The county will tap $231.8 million directing it to other accounts and will use another $30 million to establish the new infrastructure fund; $44.3 million will go to a self-insurance fund and $29.3 million to an equity fund to finance various social programs.

The county stays on track in fiscal 2023 with its supplemental pension contributions. The 2023 excess contribution of $291.7 million supplements a $200 million required payment under the current statutory formula, bringing to $2.34 billion the extra funding sent to the pension fund over the last six years since the sales tax was raised to save the fund from insolvency.
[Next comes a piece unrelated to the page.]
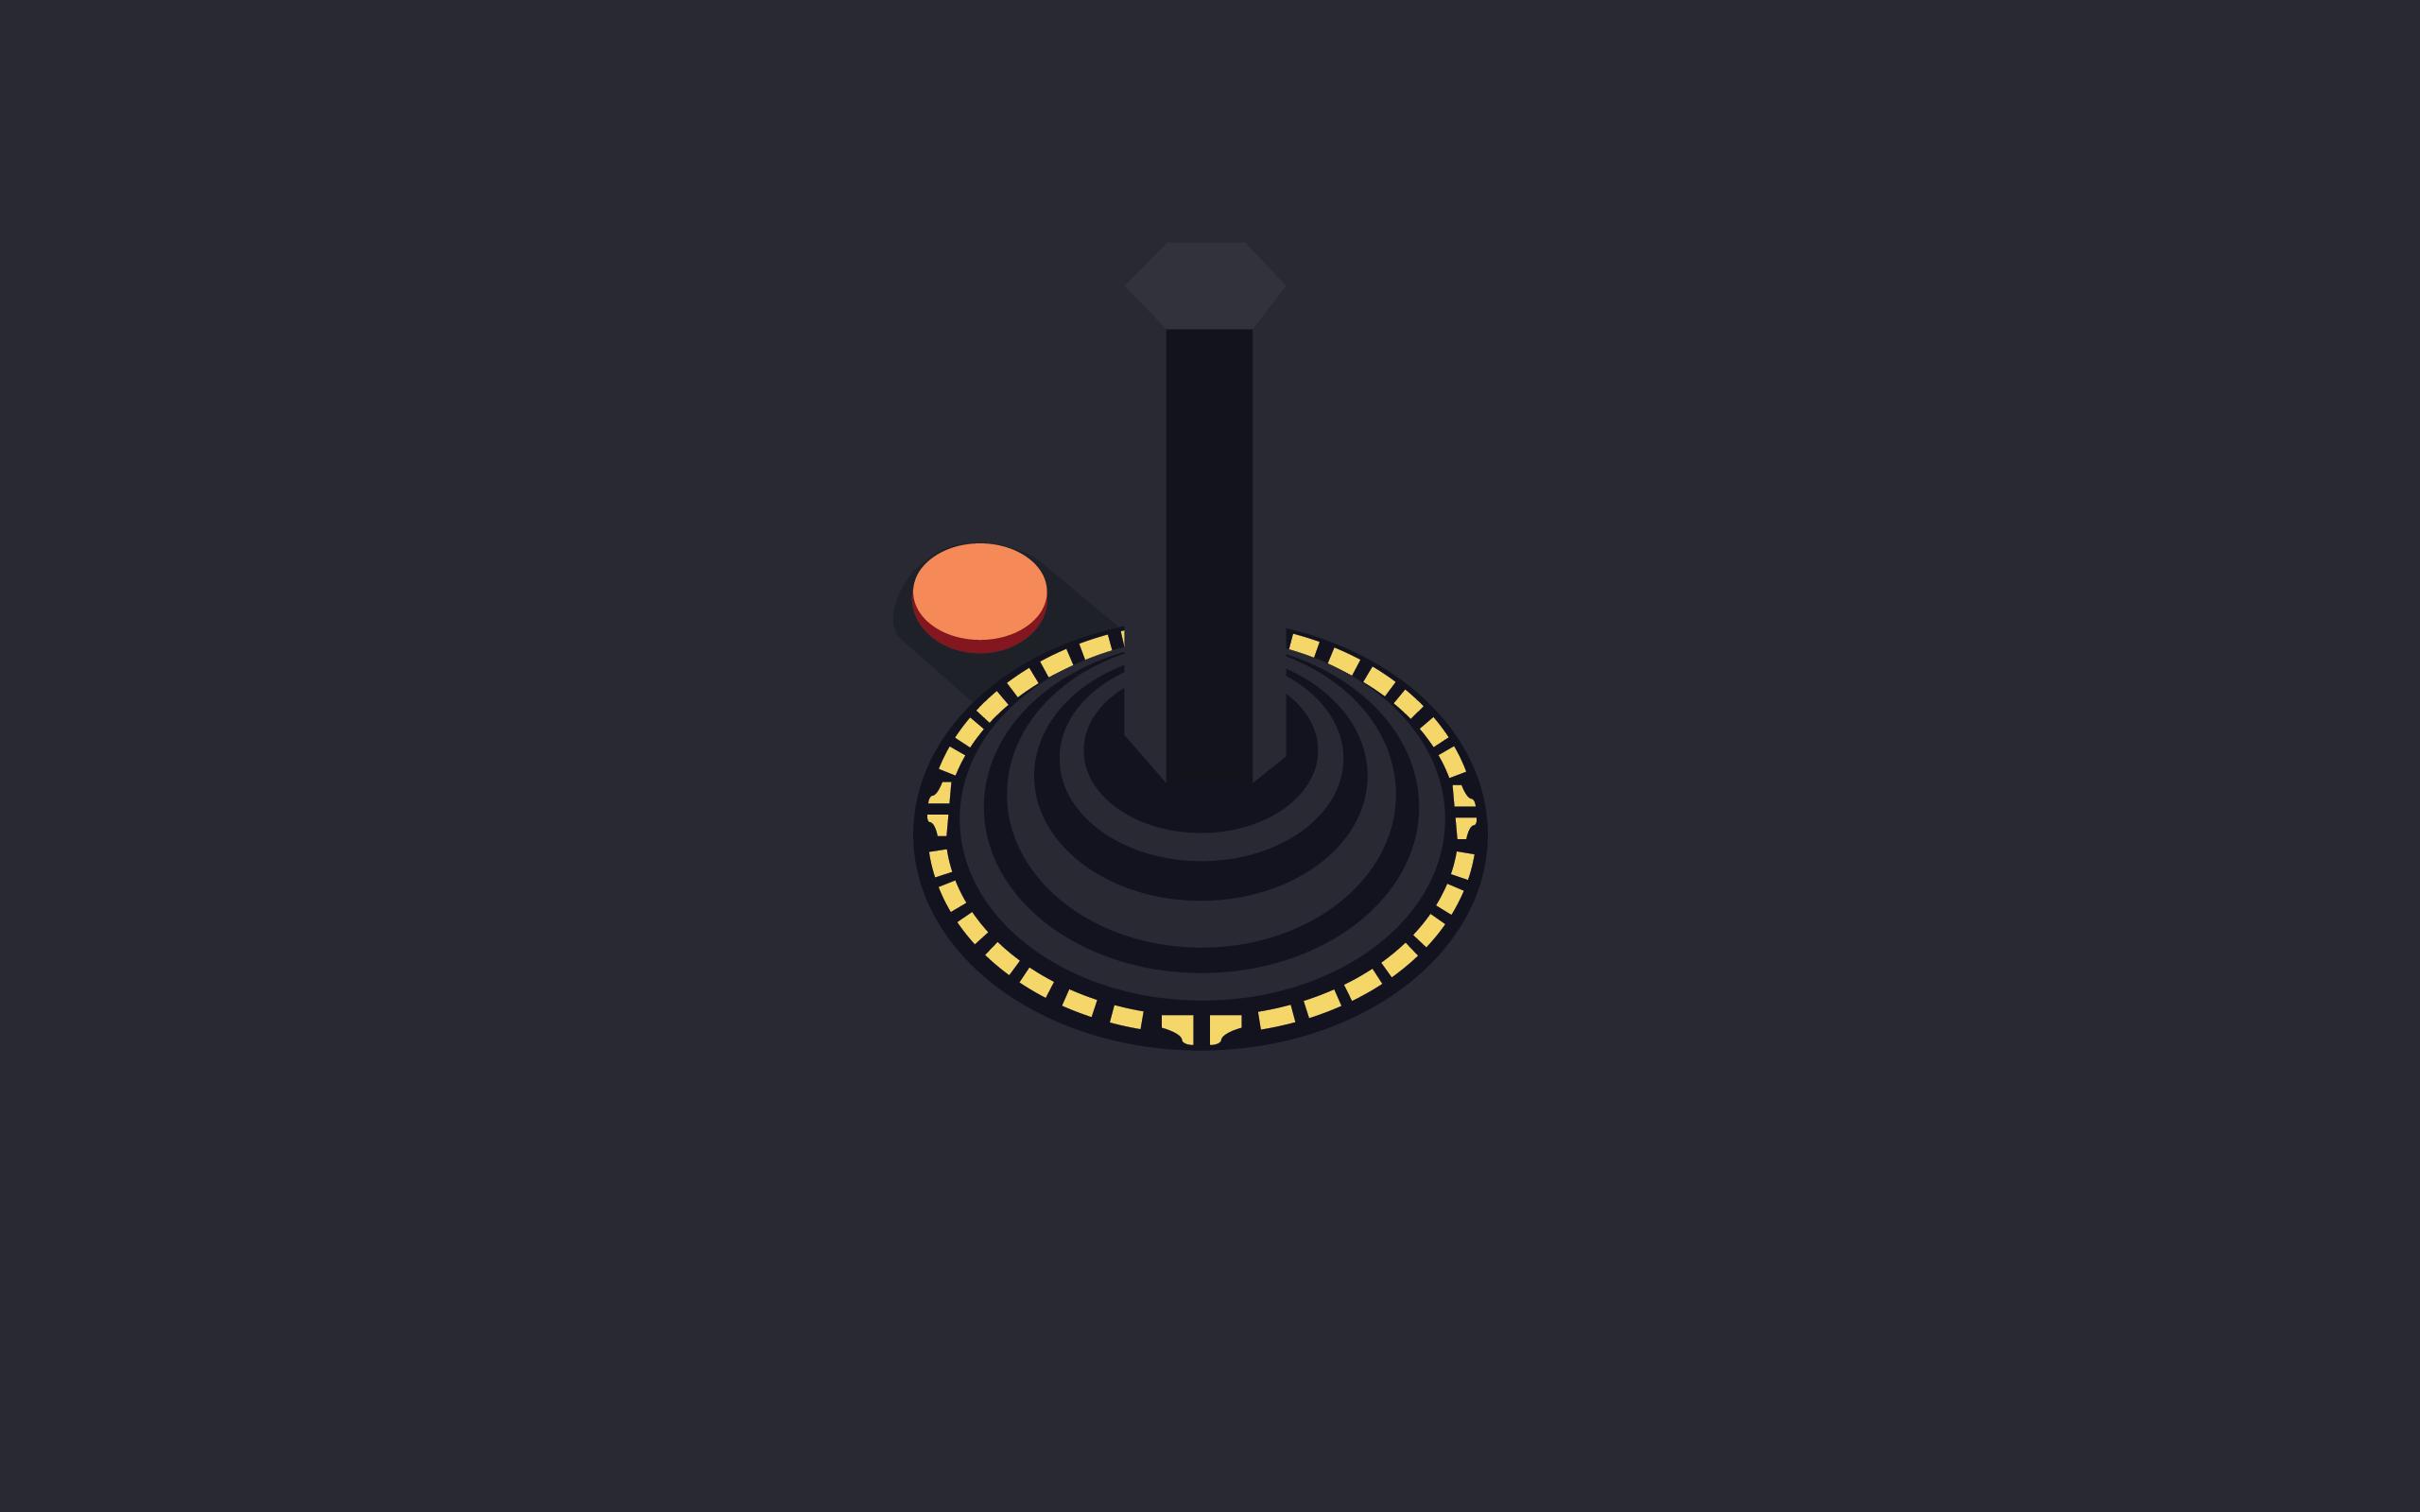 General 2560x1600 joystick Atari video games minimalism retro games buttons simple background
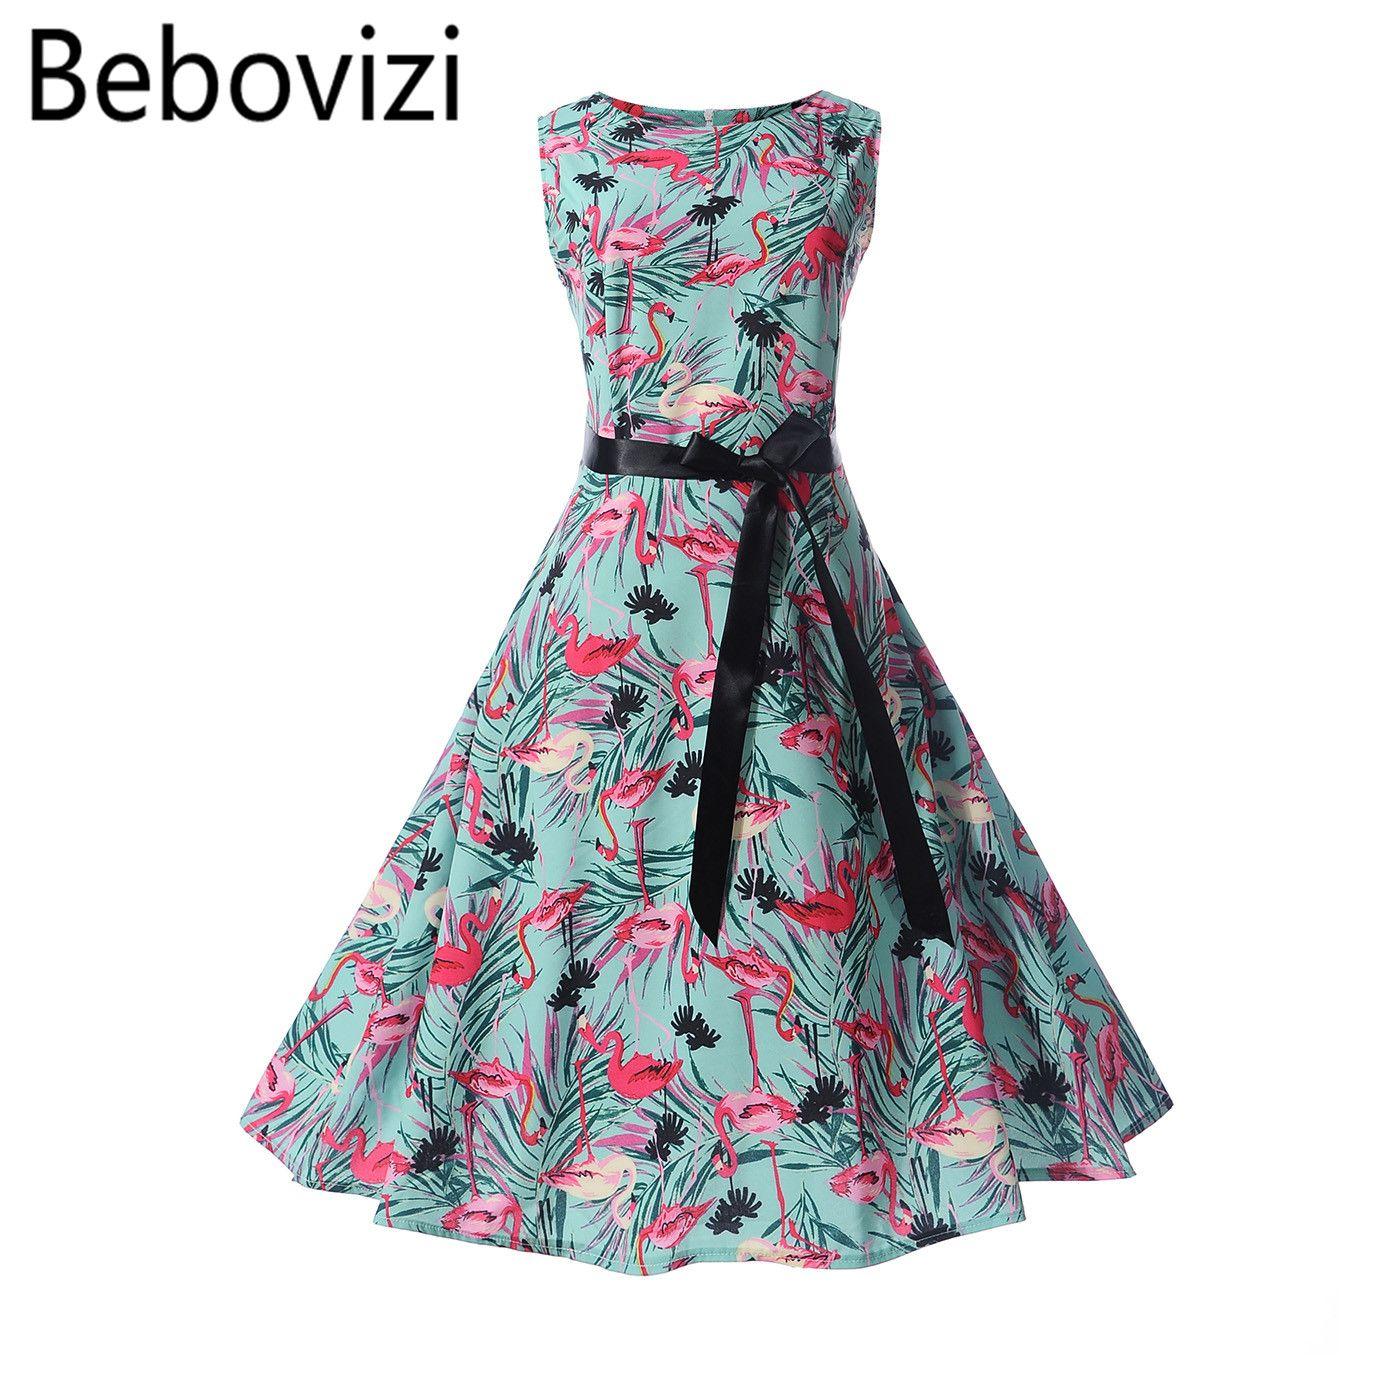 2018 Bebovizi Fashion Brand Flamingo Printing Hepburn Vintage Retro ...

The pension fund’s estimated funded ratio recognizing supplemental funding increased to 70.7% and is on a track to 100% ratio in 2043.

S&P said in a Dec. 5 report that the budget will likely be effective in maintaining structural balance throughout the year, but pension funding challenges loom.

“Pension contributions, along with debt service, account for 38% of the county’s governmental fund budget, which we believe limits financial flexibility,” S&P said in a special report on the budget passage. “Management’s ability to continue funding the increasing pension liabilities, particularly in a challenging operating environment, is a long-term credit consideration.”

About $1 billion in federal COVID-19 pandemic relief allowed the county to help make up past revenue losses as well as invest in various programs.

The finance team said it’s watching closely how revenues perform with some like hotel taxes still in COVID-19 pandemic recovery mode and some economically sensitive to a recession like sales taxes.

Reversing a trend of negative actions, Fitch Ratings lifted the county’s GO rating to AA-minus from A-plus last year, assigning a stable outlook, and S&P Global Ratings returned the county’s outlook to stable from negative and affirmed the A-plus GO rating.

Moody’s Investors Service rates the county A2 and previously revised its outlook to positive from stable.

The county has $2.6 billion of general obligation debt and $570 million of sales tax bonds. The county’s August sales tax issue carried the AA-minus rating of S&P Global Ratings and a AAA from Kroll Bond Rating Agency.